# Gowalla Dataset

[Gowalla dataset](https://snap.stanford.edu/data/loc-gowalla.html) contains user-venue checkins. This is the script that pre-processes the full dataset and splits it into non-overlapping training, validation, test sets. The data is used in the paper: ["modeling user exposure in recommendation"](http://arxiv.org/abs/1510.07025).

In [1]:
import json
import os

import numpy as np
import pandas as pd

Change this to wherever you keep the [processed data](http://dawenl.github.io/data/gowalla_pro.zip)

In [2]:
DATA_DIR = '/home/waldorf/dawen.liang/gowalla_pro'

In [3]:
df = pd.read_table(os.path.join(DATA_DIR, 'gwl_checkins.tsv'), header=None, sep='\t', names=['uid', 'sid', 'rating'])

In [4]:
df

Unnamed: 0,uid,sid,rating
0,0,22847,1
1,0,420315,1
2,0,316637,1
3,0,16516,1
4,0,5535878,1
5,0,15372,1
6,0,21714,1
7,0,420315,1
8,0,153505,1
9,0,420315,1


In [5]:
def get_count(df, id):
    playcount_groupbyid = df[[id, 'rating']].groupby(id, as_index=False)
    count = playcount_groupbyid.size()
    return count

def filter_triplets(df, min_sc=20):
    # Only keep the triplets for songs which were listened to by at least min_sc users. 
    songcount = get_count(df, 'sid')
    df = df[df['sid'].isin(songcount.index[songcount >= min_sc])]
    
    # Update both usercount and songcount after filtering
    usercount, songcount = get_count(df, 'uid'), get_count(df, 'sid') 
    return df, usercount, songcount

In [6]:
df, usercount, songcount = filter_triplets(df)

In [7]:
sparsity_level = float(df.shape[0]) / (usercount.shape[0] * songcount.shape[0])
print "After filtering, there are %d triplets from %d users and %d venues (sparsity level %.3f%%)" % (df.shape[0], 
                                                                                                      usercount.shape[0], 
                                                                                                      songcount.shape[0], 
                                                                                                      sparsity_level * 100)

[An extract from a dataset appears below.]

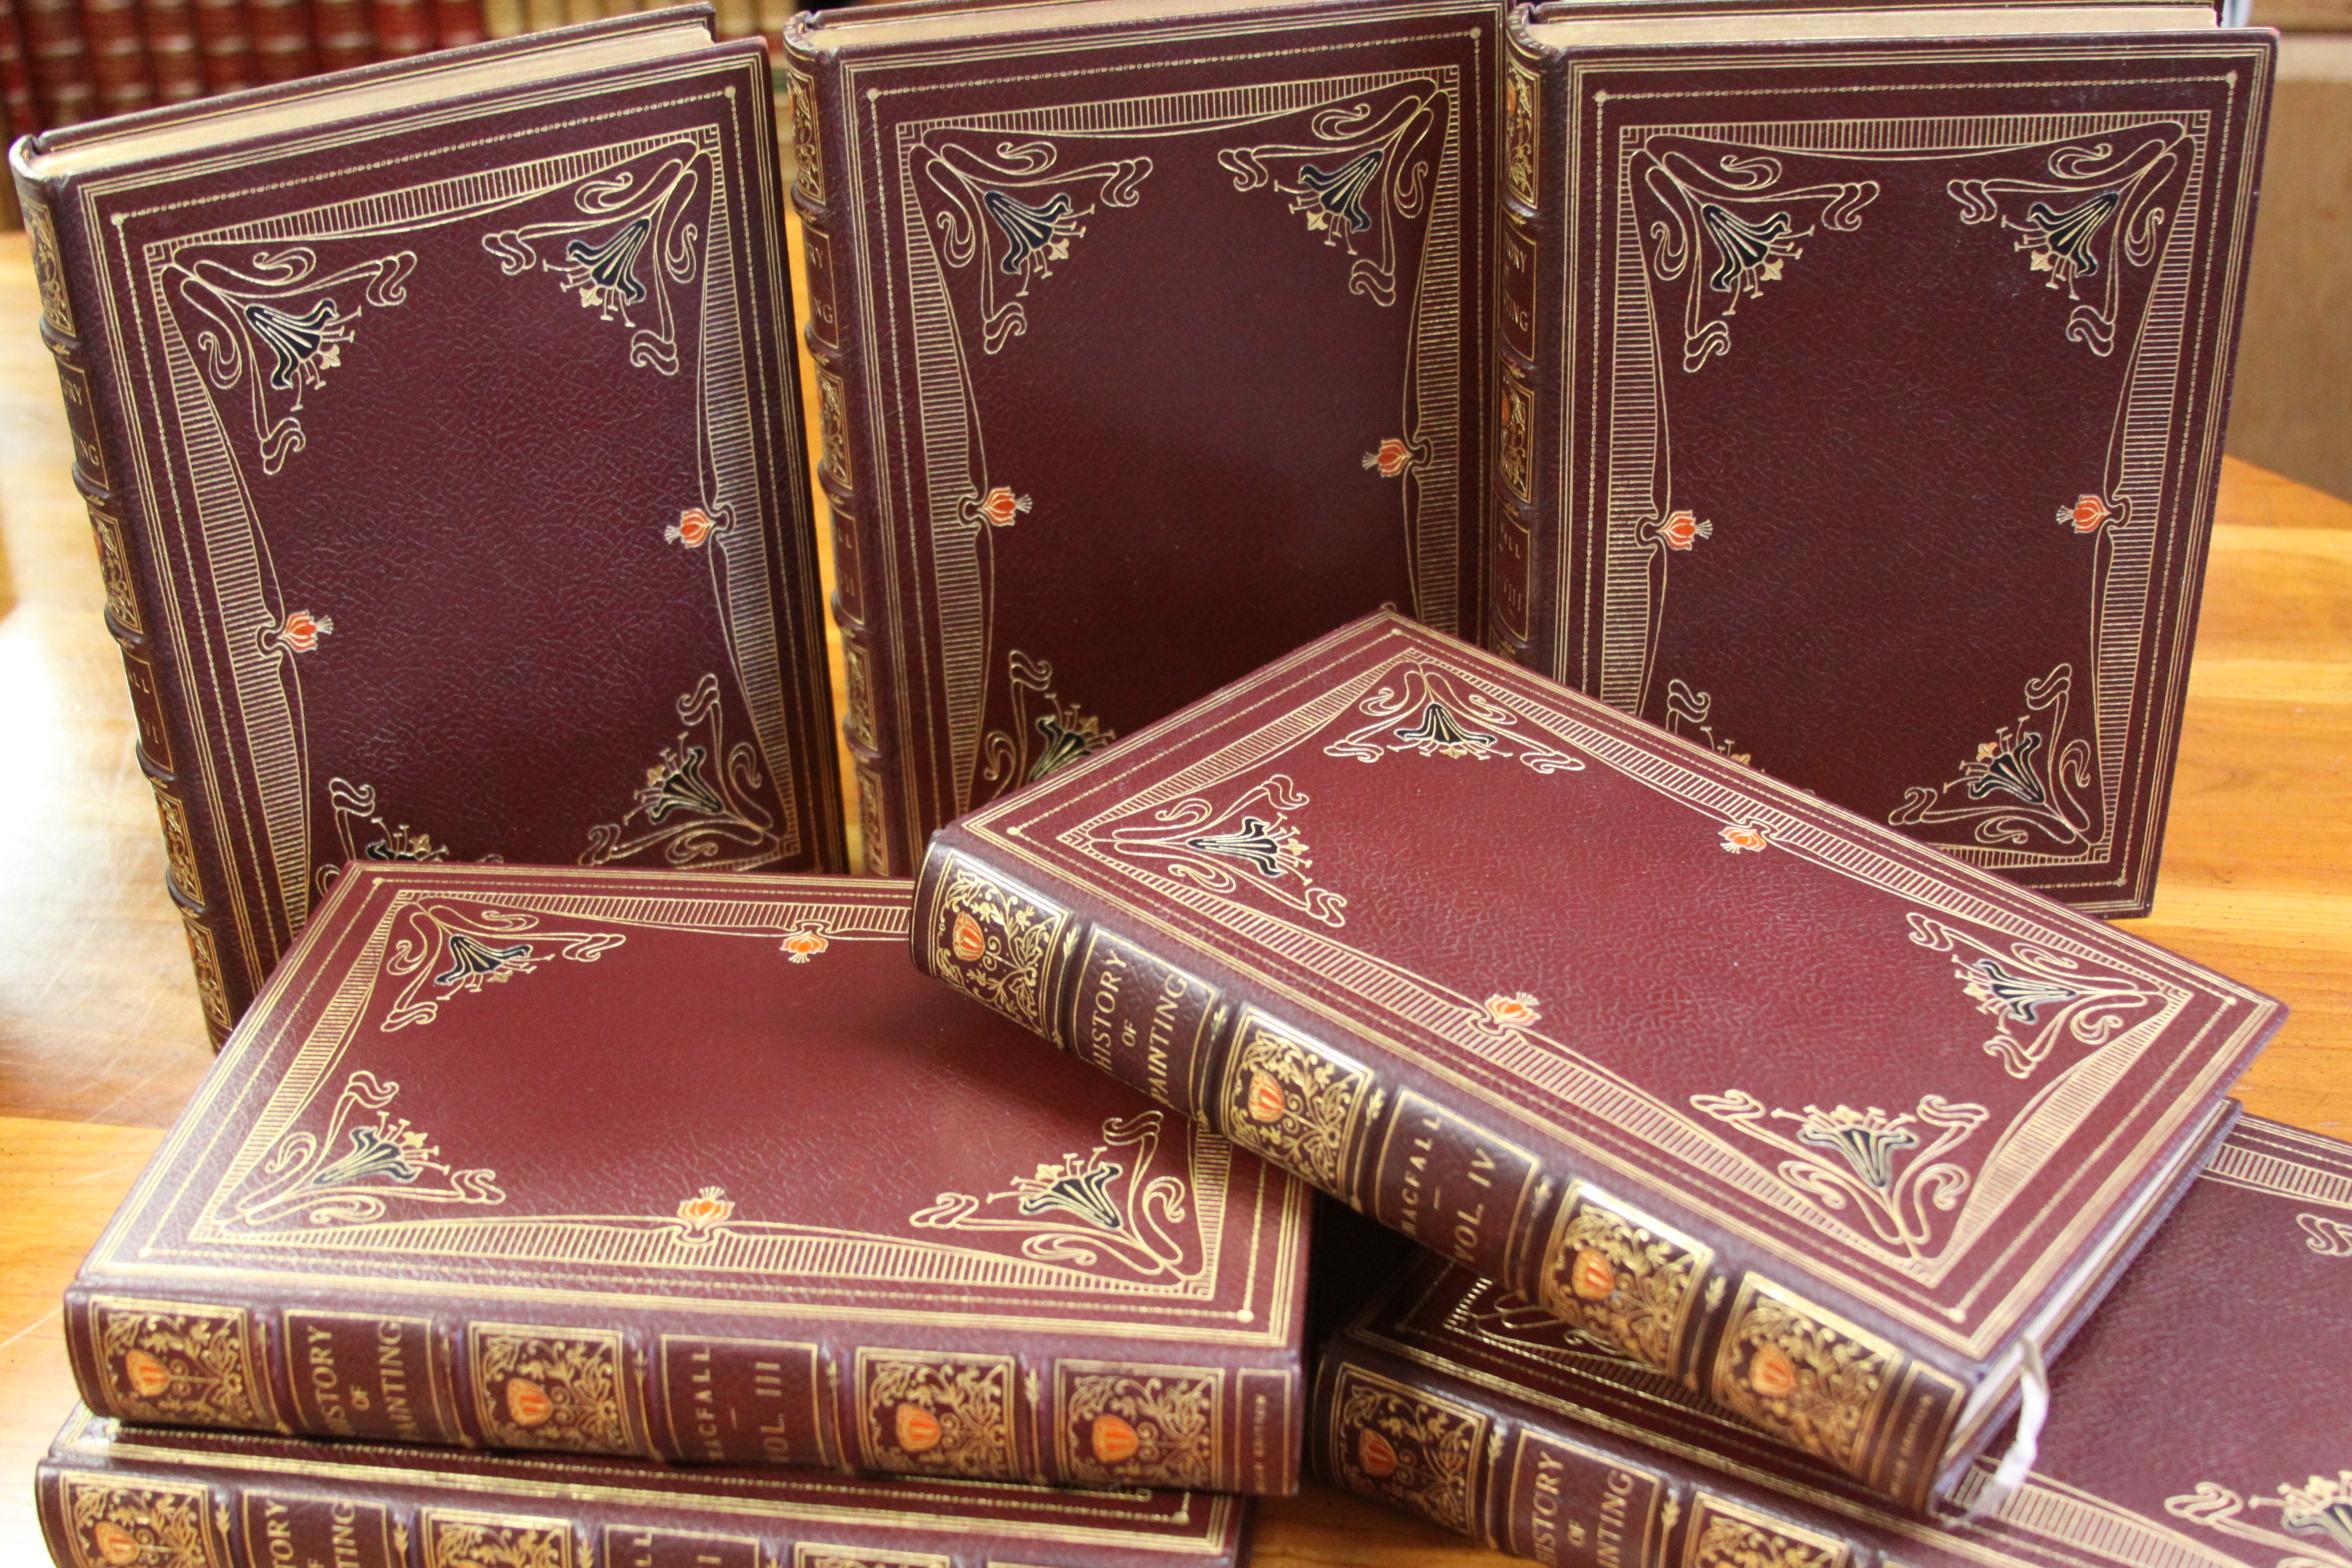 Books, a History of Painting, Antique Leather-Bound Collections 10

After filtering, there are 2318616 triplets from 57629 users and 47198 venues (sparsity level 0.085%)


In [8]:
unique_uid = sorted(pd.unique(df['uid']))
unique_sid = sorted(pd.unique(df['sid']))

In [9]:
uid2idx = dict((uid, idx) for (idx, uid) in enumerate(unique_uid))
sid2idx = dict((sid, idx) for (idx, sid) in enumerate(unique_sid))

In [10]:
with open(os.path.join(DATA_DIR, 'sid2idx.json'), 'w') as f:
    json.dump(sid2idx, f)

In [11]:
with open(os.path.join(DATA_DIR, 'uid2idx.json'), 'w') as f:
    json.dump(uid2idx, f)

In [12]:
with open(os.path.join(DATA_DIR, 'unique_uid.txt'), 'w') as f:
    for uid in unique_uid:
        f.write('%s\n' % uid)

In [13]:
with open(os.path.join(DATA_DIR, 'unique_sid.txt'), 'w') as f:
    for sid in unique_sid:
        f.write('%s\n' % sid)

## Generate train/test/vad sets

Pick out 20% of the checkins for heldout test

In [14]:
np.random.seed(12345)
n_ratings = df.shape[0]
test = np.random.choice(n_ratings, size=int(0.20 * n_ratings), replace=False)

In [15]:
test_idx = np.zeros(n_ratings, dtype=bool)
test_idx[test] = True

test_df = df[test_idx]
train_df = df[~test_idx]

Make sure there is no empty row/column in the training data

In [17]:
print "There are total of %d unique users in the training set and %d unique users in the entire dataset" % \
(len(pd.unique(train_df['uid'])), len(pd.unique(df['uid'])))

There are total of 57095 unique users in the training set and 57629 unique users in the entire dataset


In [18]:
print "There are total of %d unique items in the training set and %d unique items in the entire dataset" % \
(len(pd.unique(train_df['sid'])), len(pd.unique(df['sid'])))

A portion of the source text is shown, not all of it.